*SUPPLIED MATERIAL*:
>>>

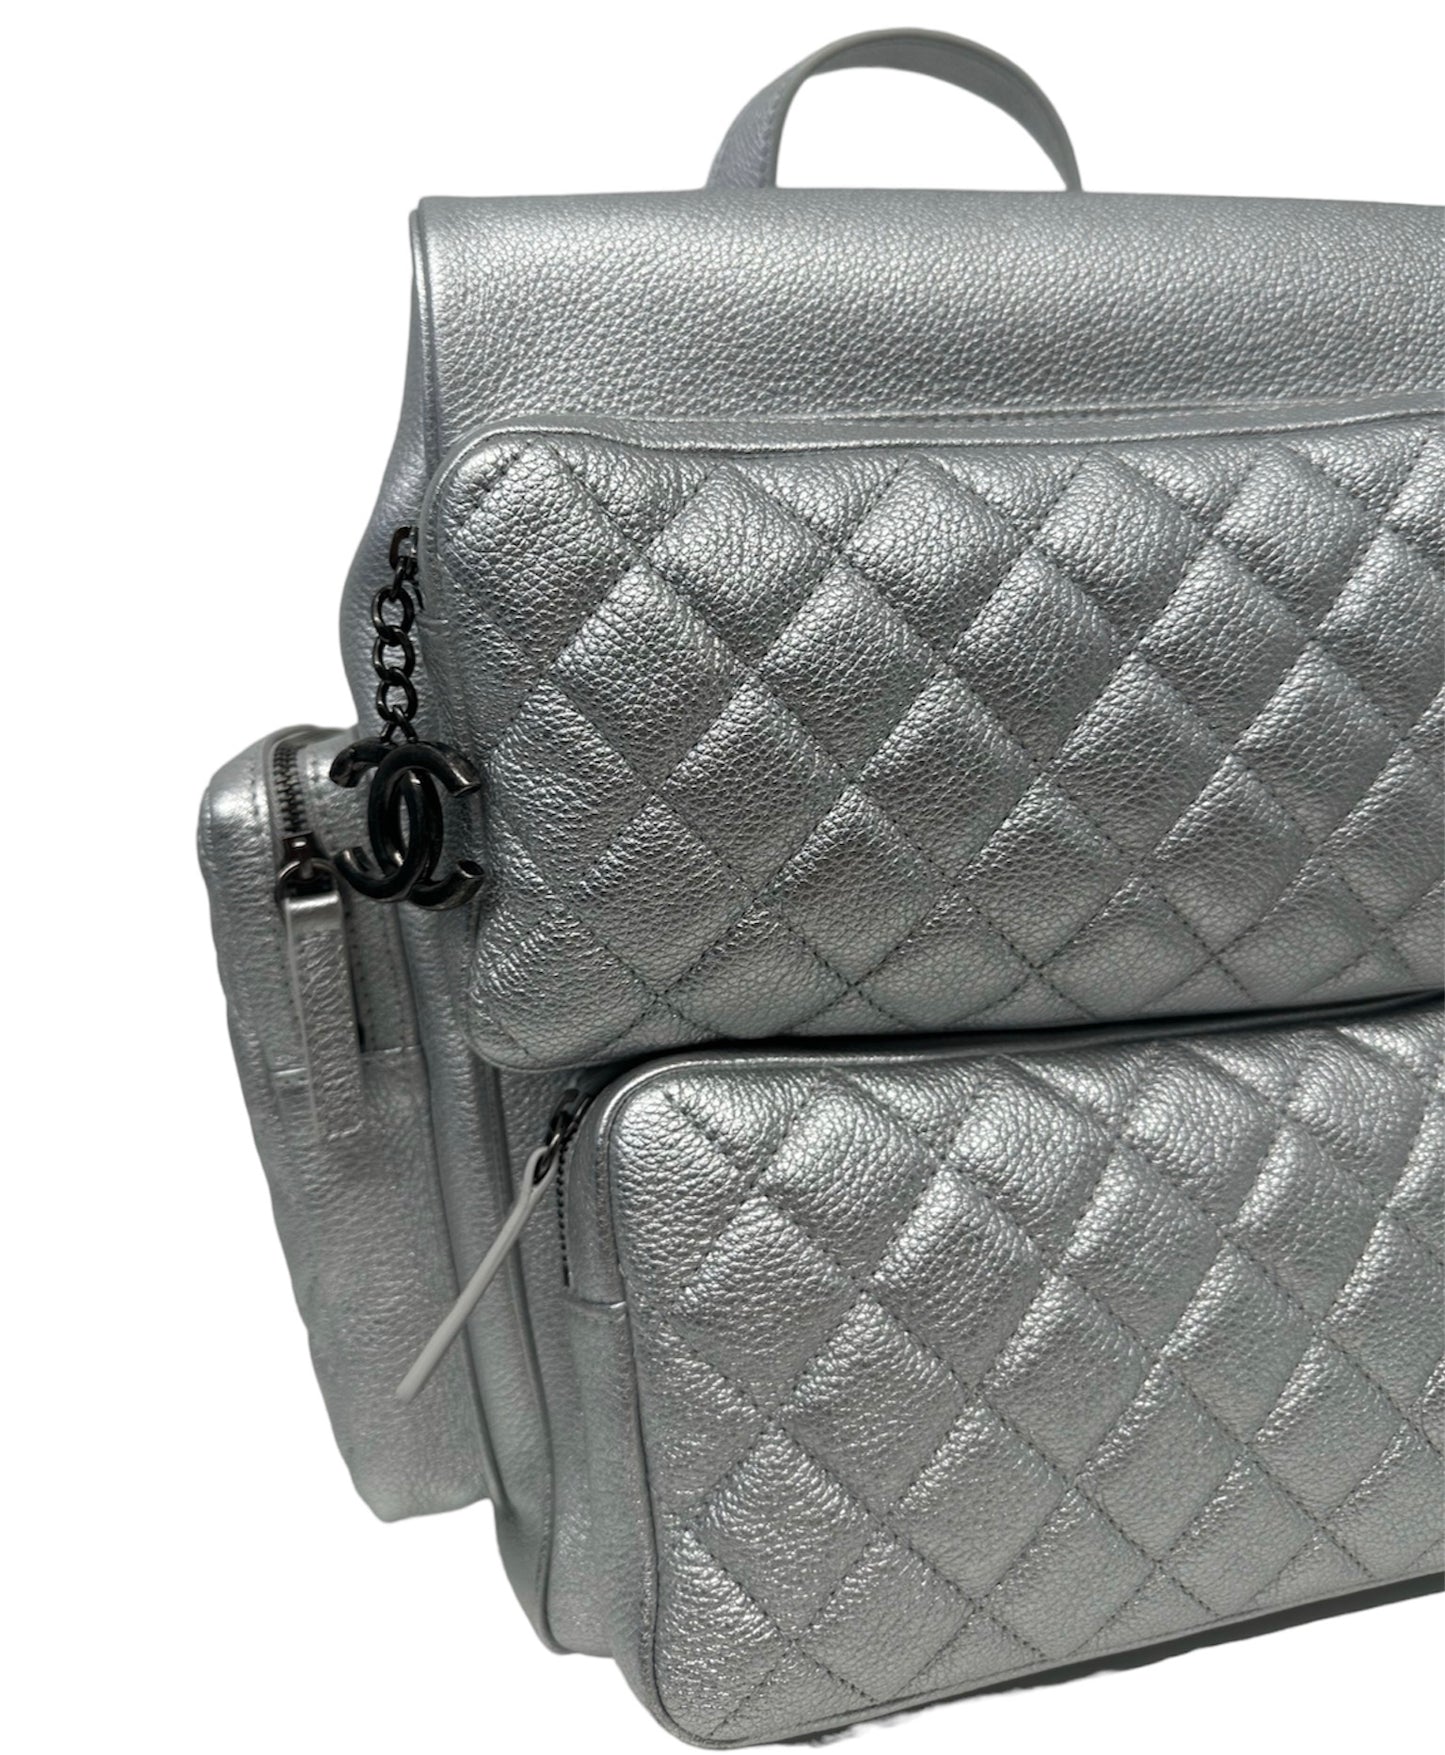 CHANEL - 16S Silver Grained Calfskin Casual Rock Backpack
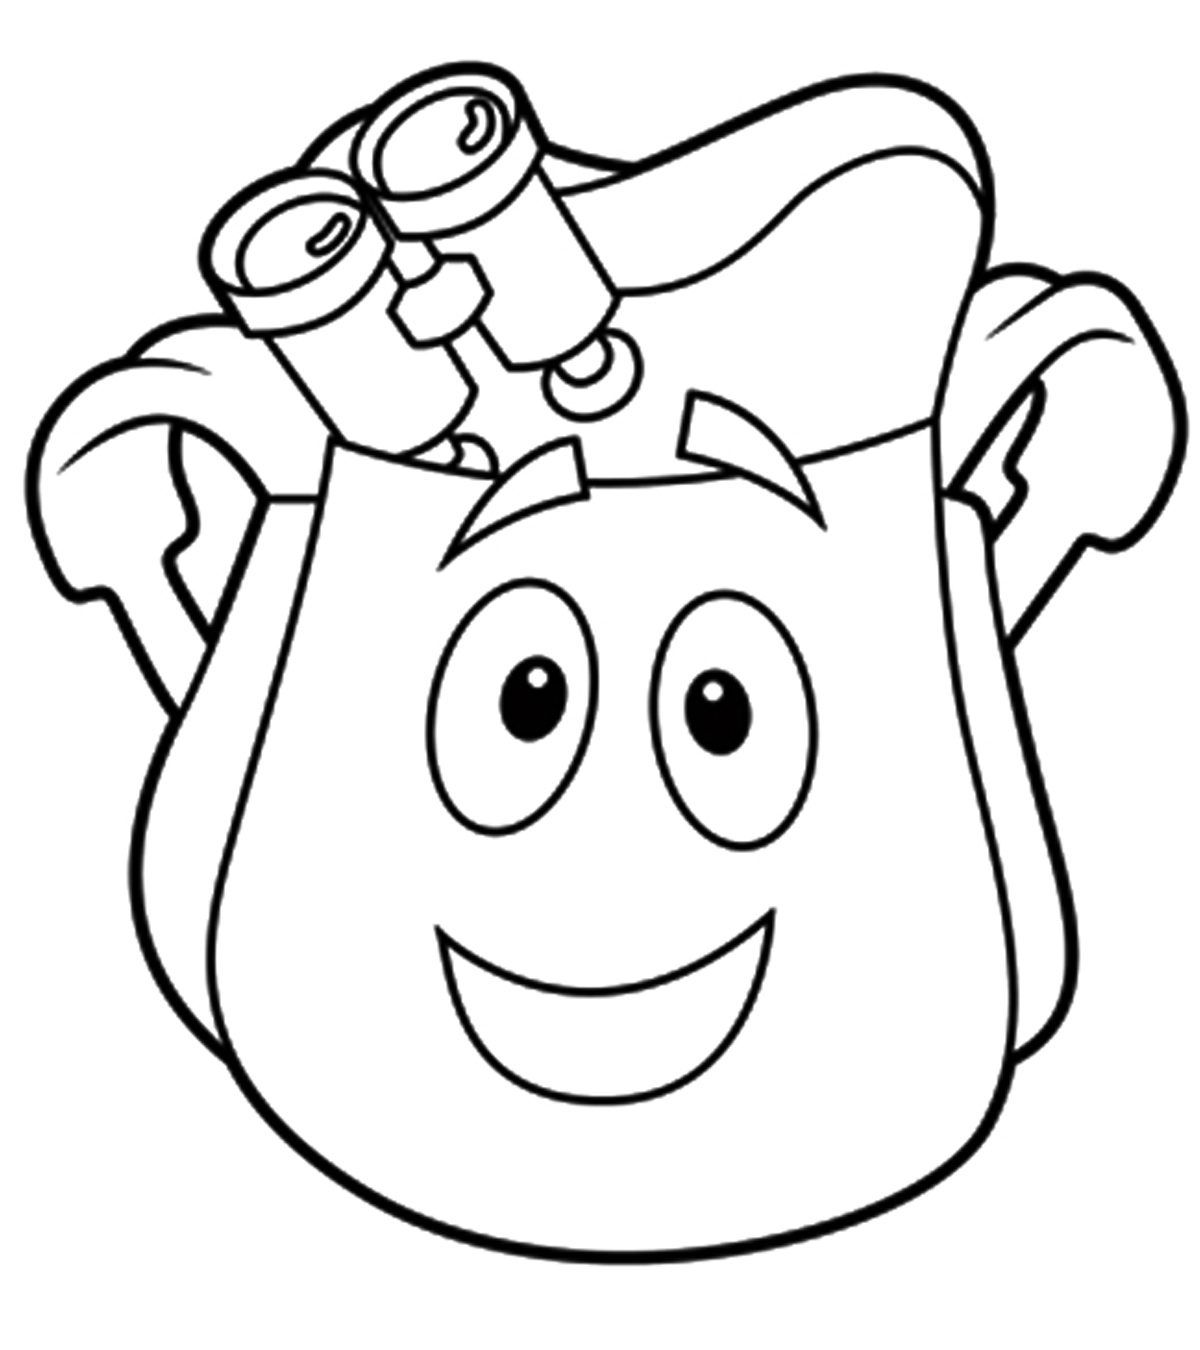 Top 10 Diego Coloring Pages Your Toddler Will Love To Color
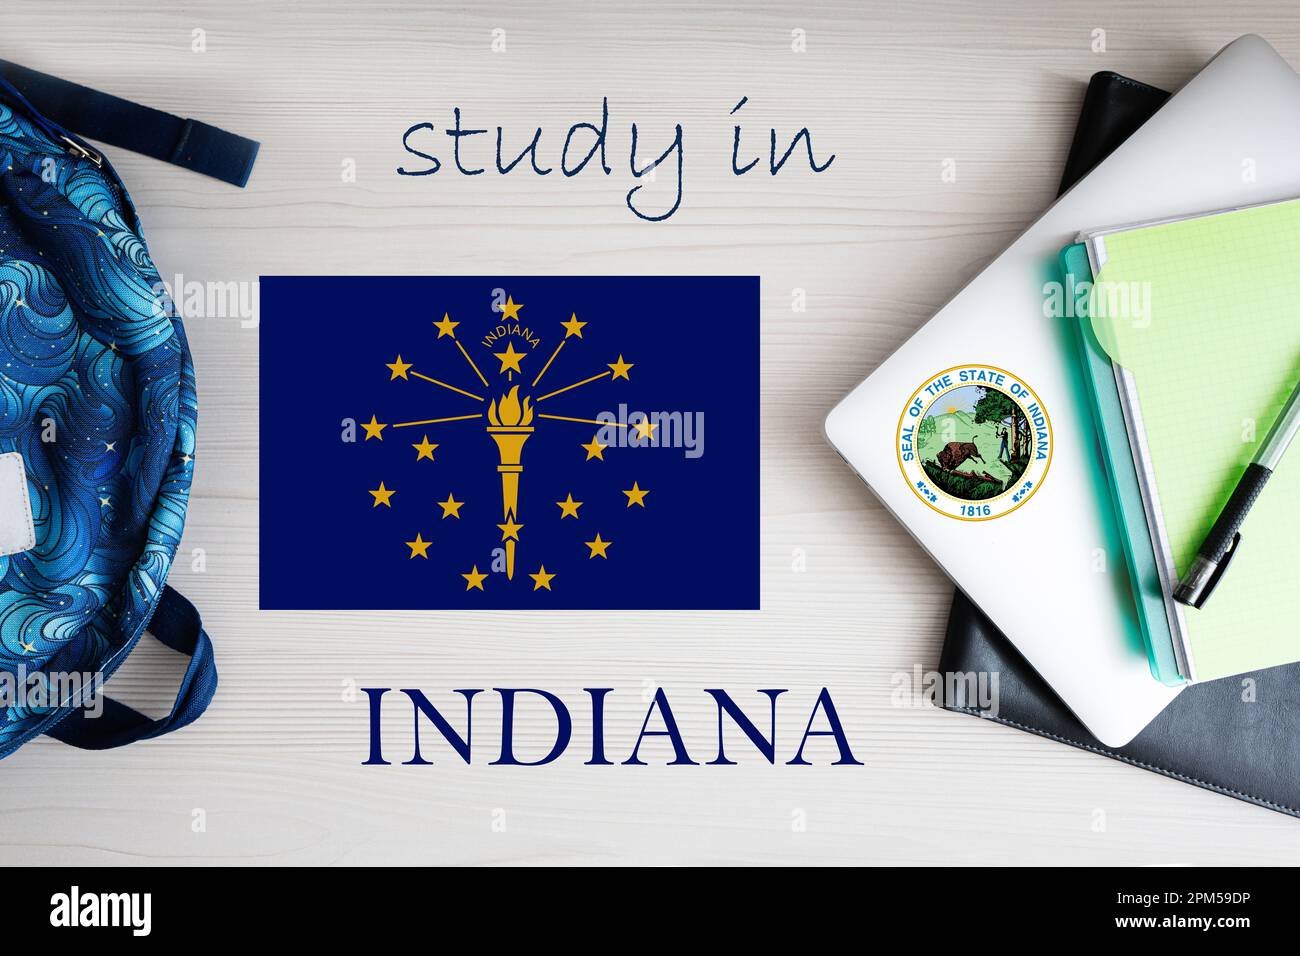 Study in Indiana. USA state. US education concept. Learn America concept. Stock Photo

<<<

*EXERCISE*:
What is needed here is an exact transcript of the data above, pictures excluded.

*ANSWER SECTION*:
 CHANEL - 16S Silver Grained Calfskin Casual Rock Backpack
 Top 10 Diego Coloring Pages Your Toddler Will Love To Color
 Study in Indiana. USA state. US education concept. Learn America concept. Stock Photo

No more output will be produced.